>>>>

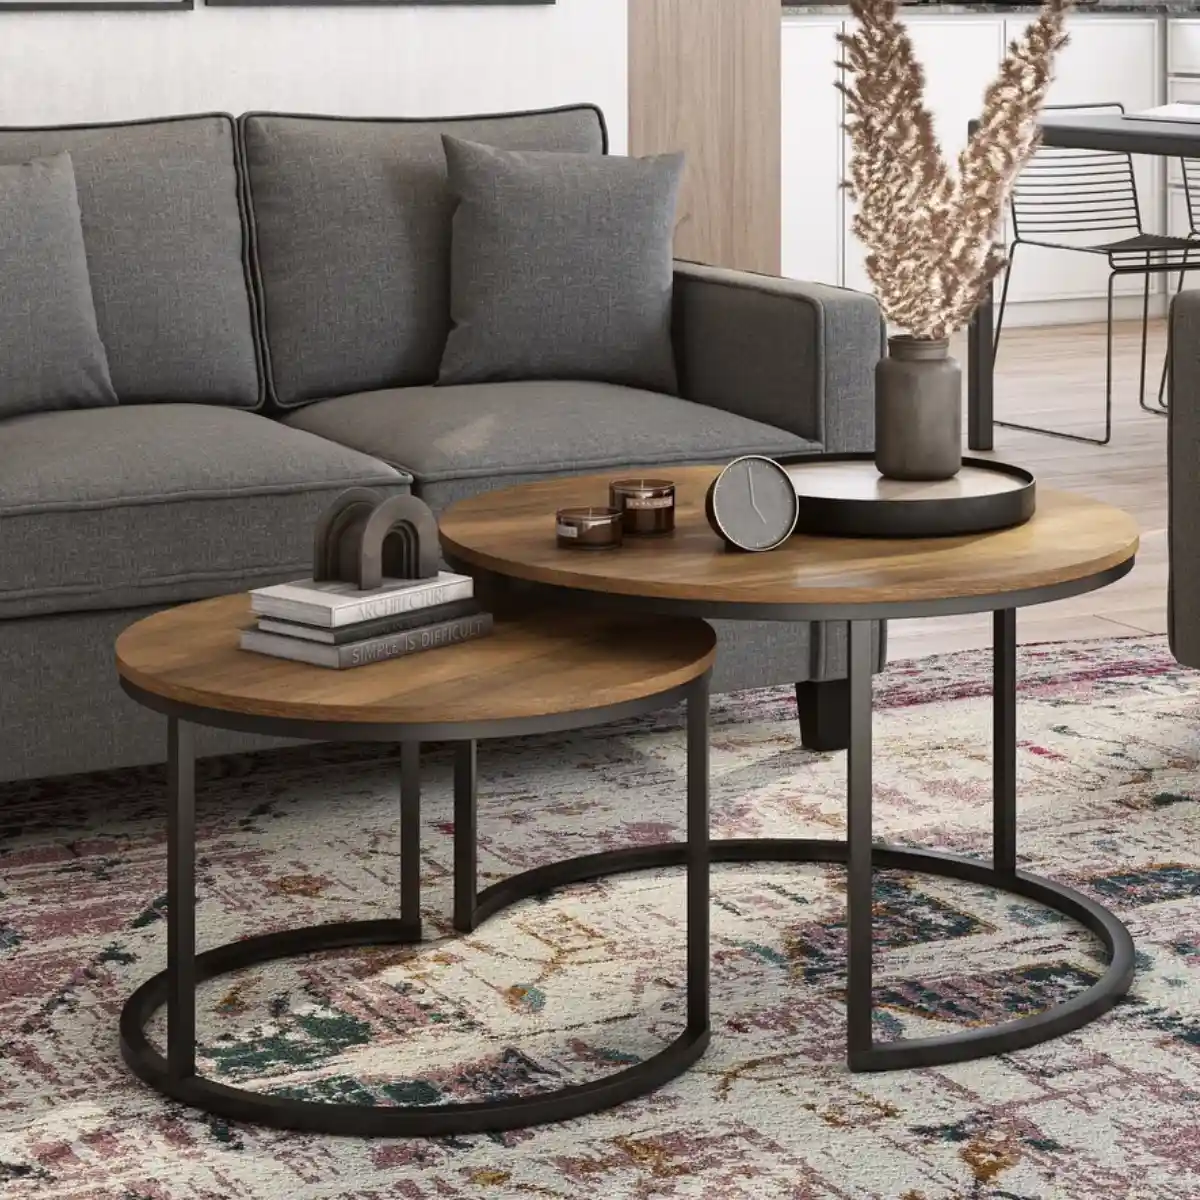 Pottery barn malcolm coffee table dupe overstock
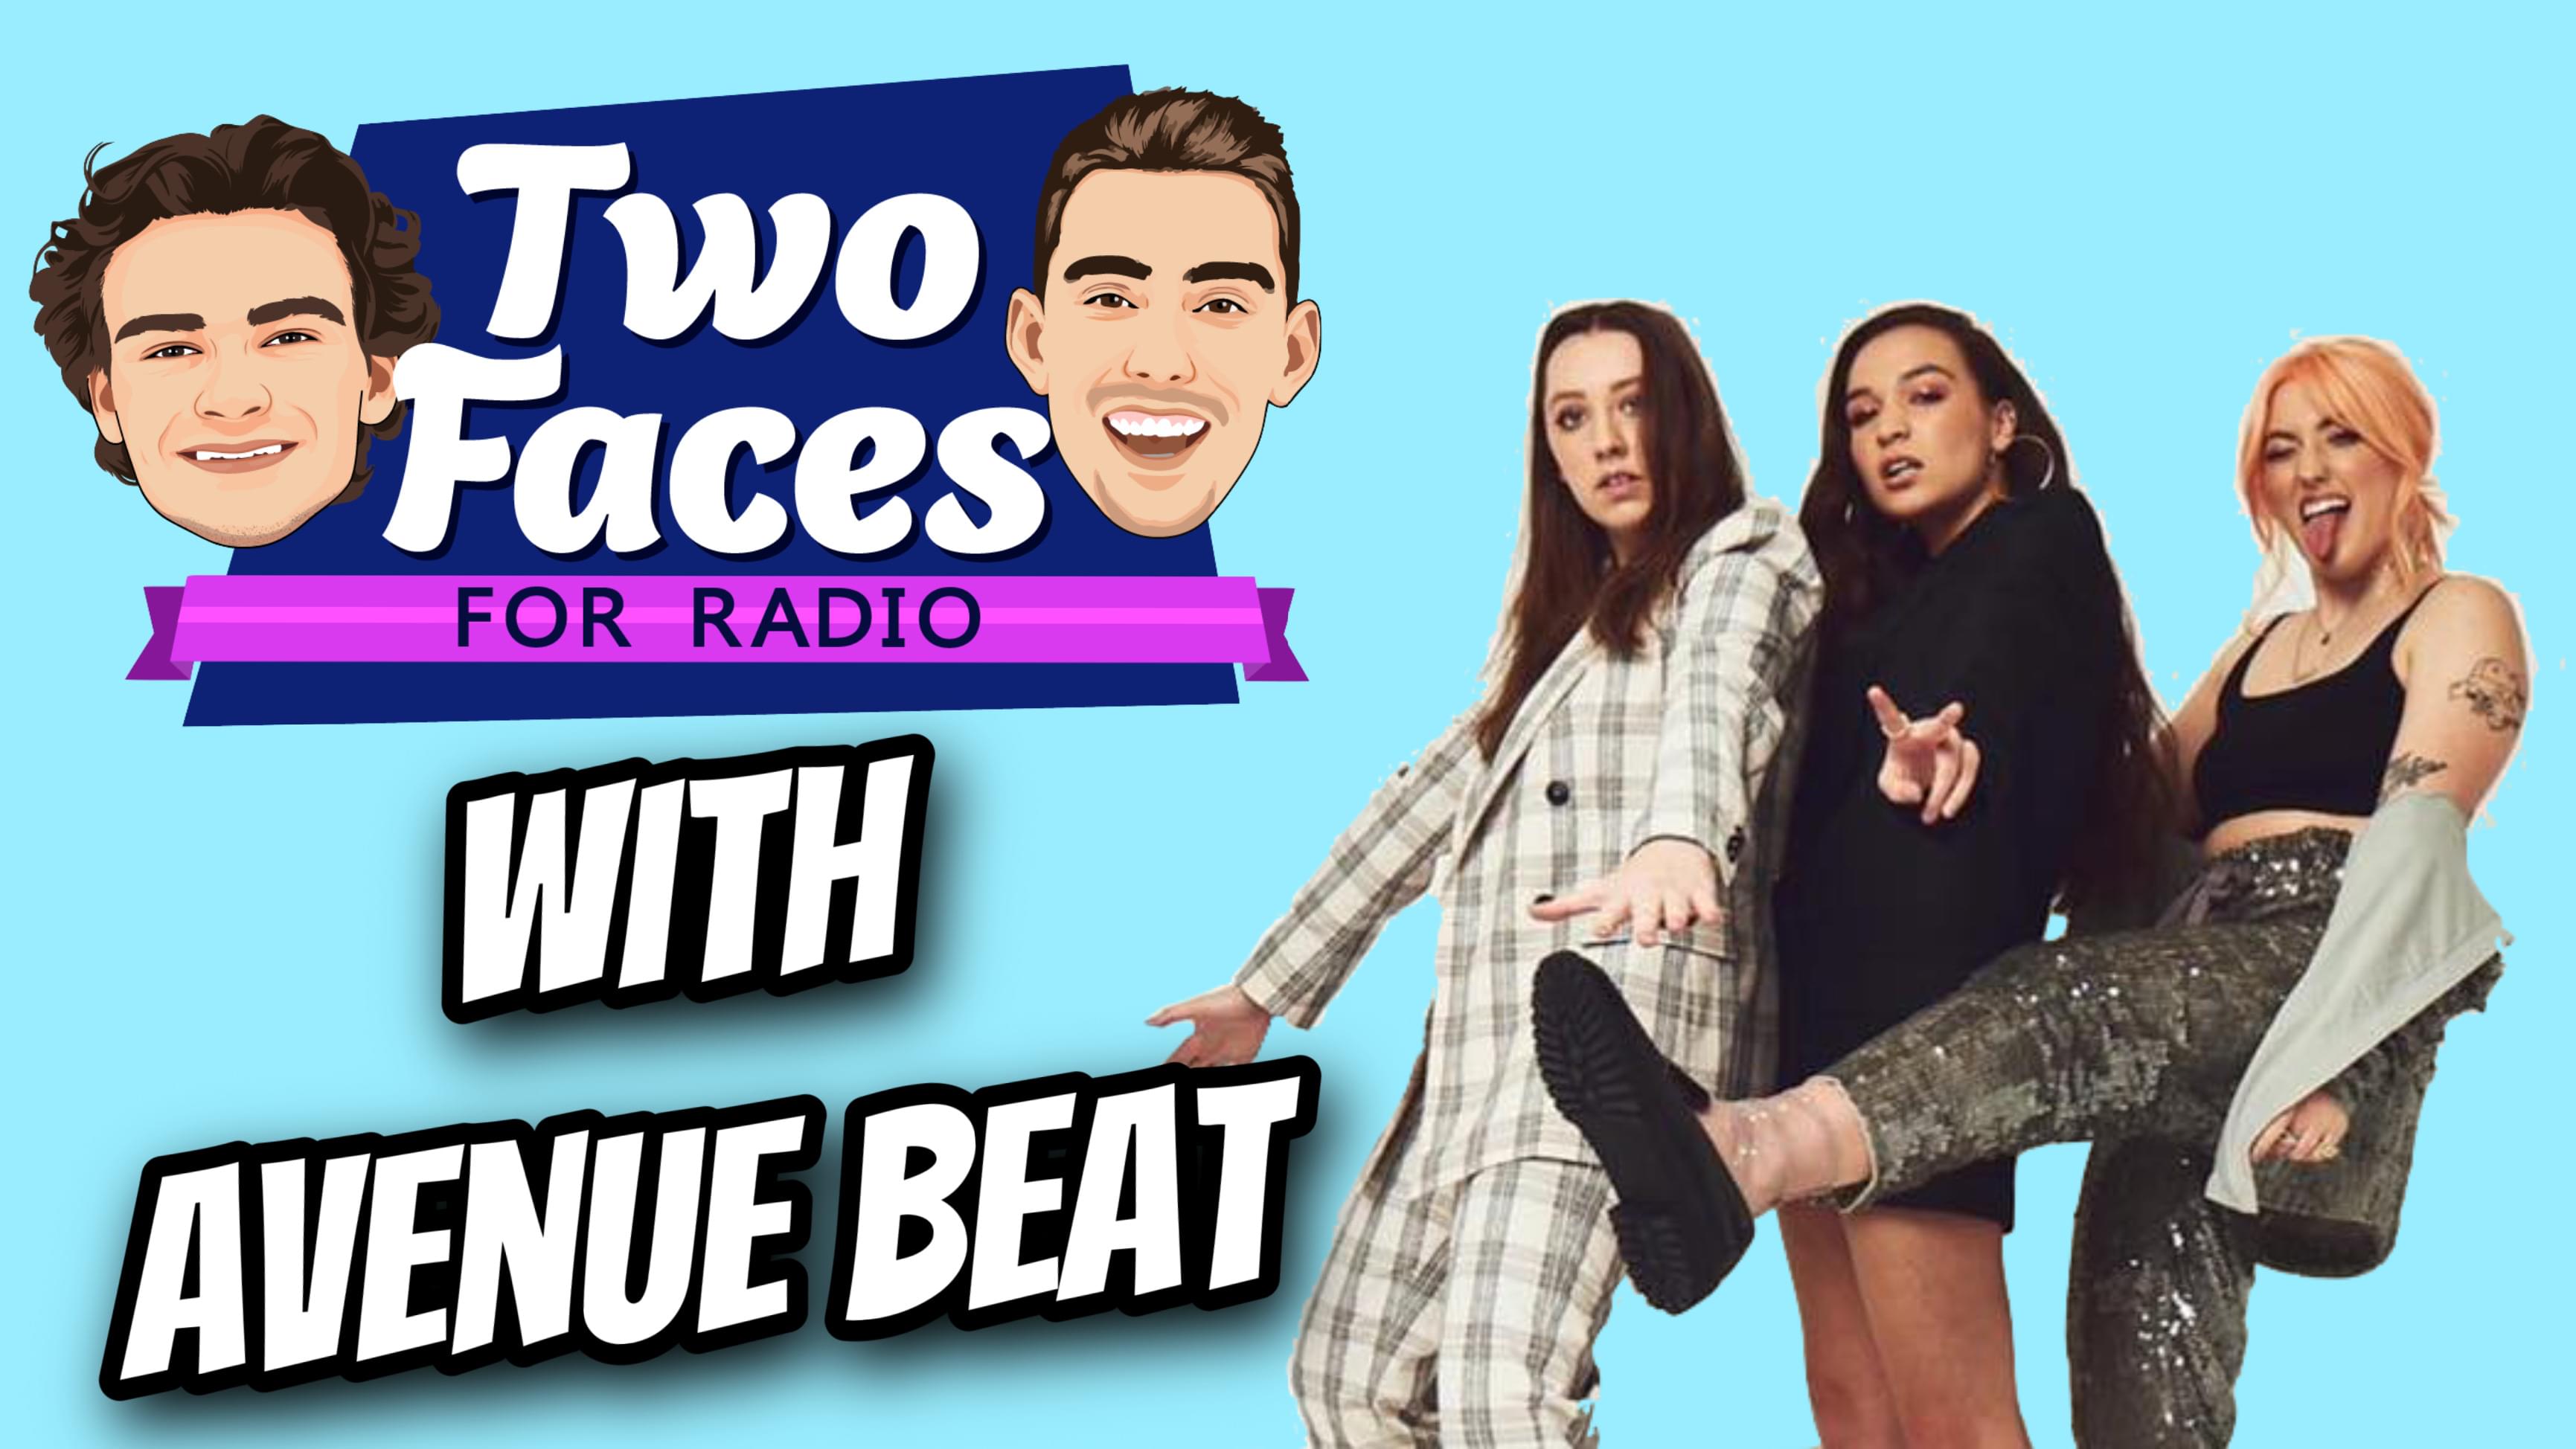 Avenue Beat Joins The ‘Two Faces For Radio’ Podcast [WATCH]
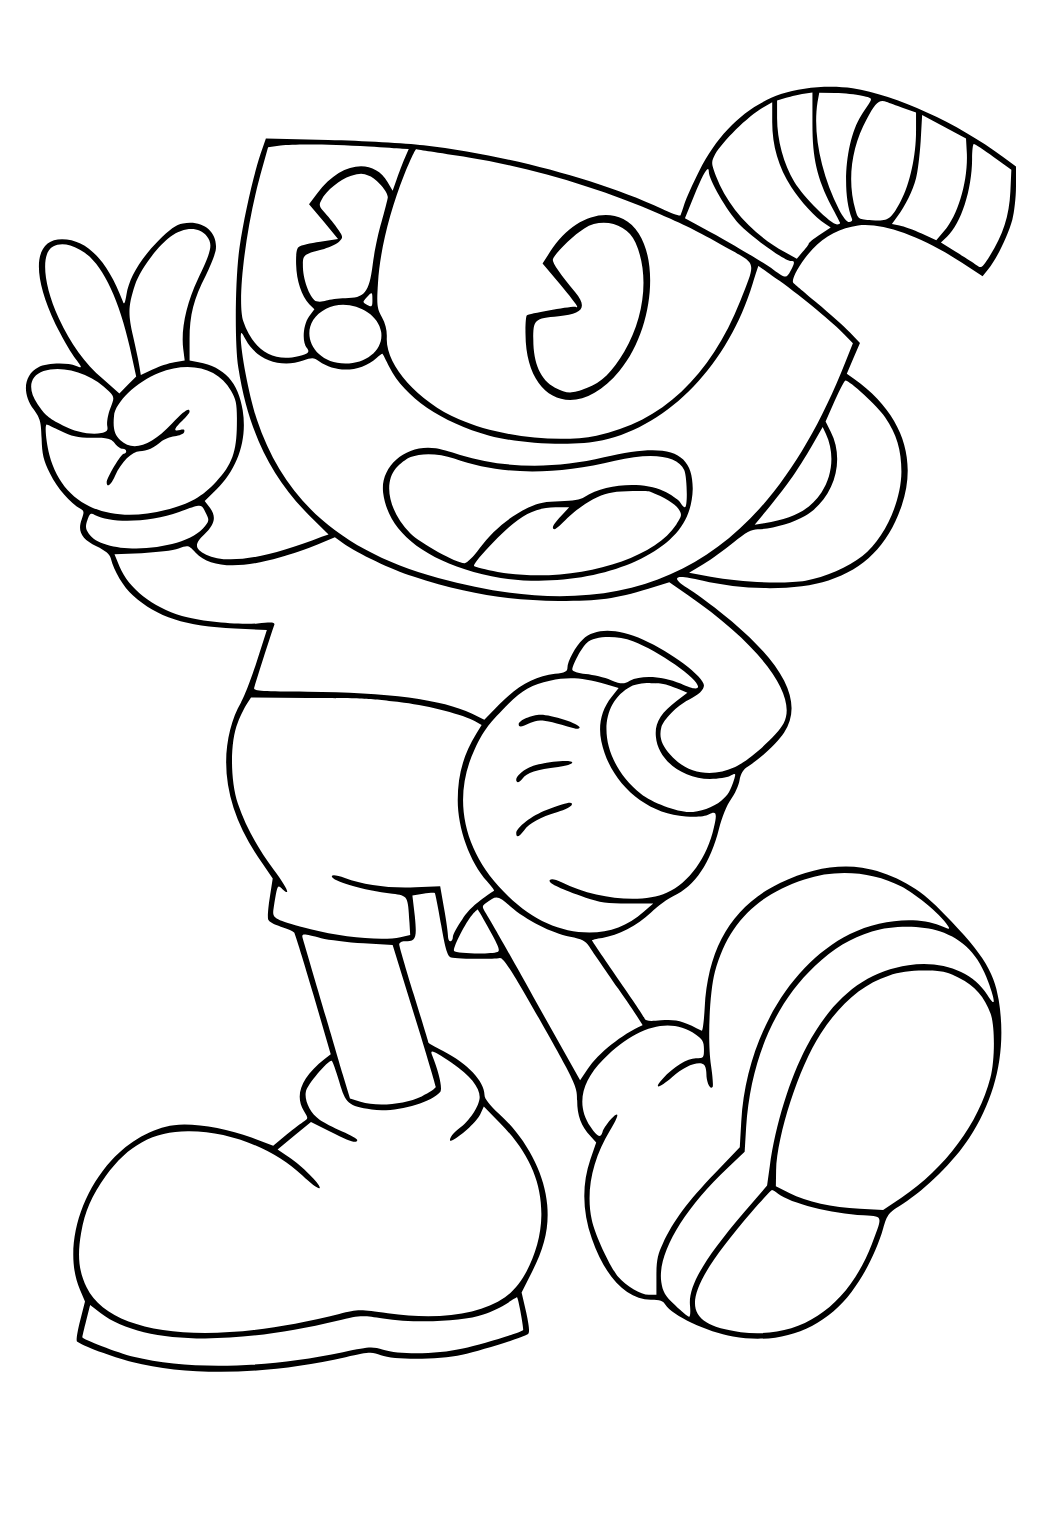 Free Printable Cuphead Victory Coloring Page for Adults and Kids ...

<<<<

* Work item
Skipping any images, write out all the data exactly.

* Expected answer
 Pottery barn malcolm coffee table dupe overstock
 Avenue Beat Joins The ‘Two Faces For Radio’ Podcast [WATCH]
 Free Printable Cuphead Victory Coloring Page for Adults and Kids ...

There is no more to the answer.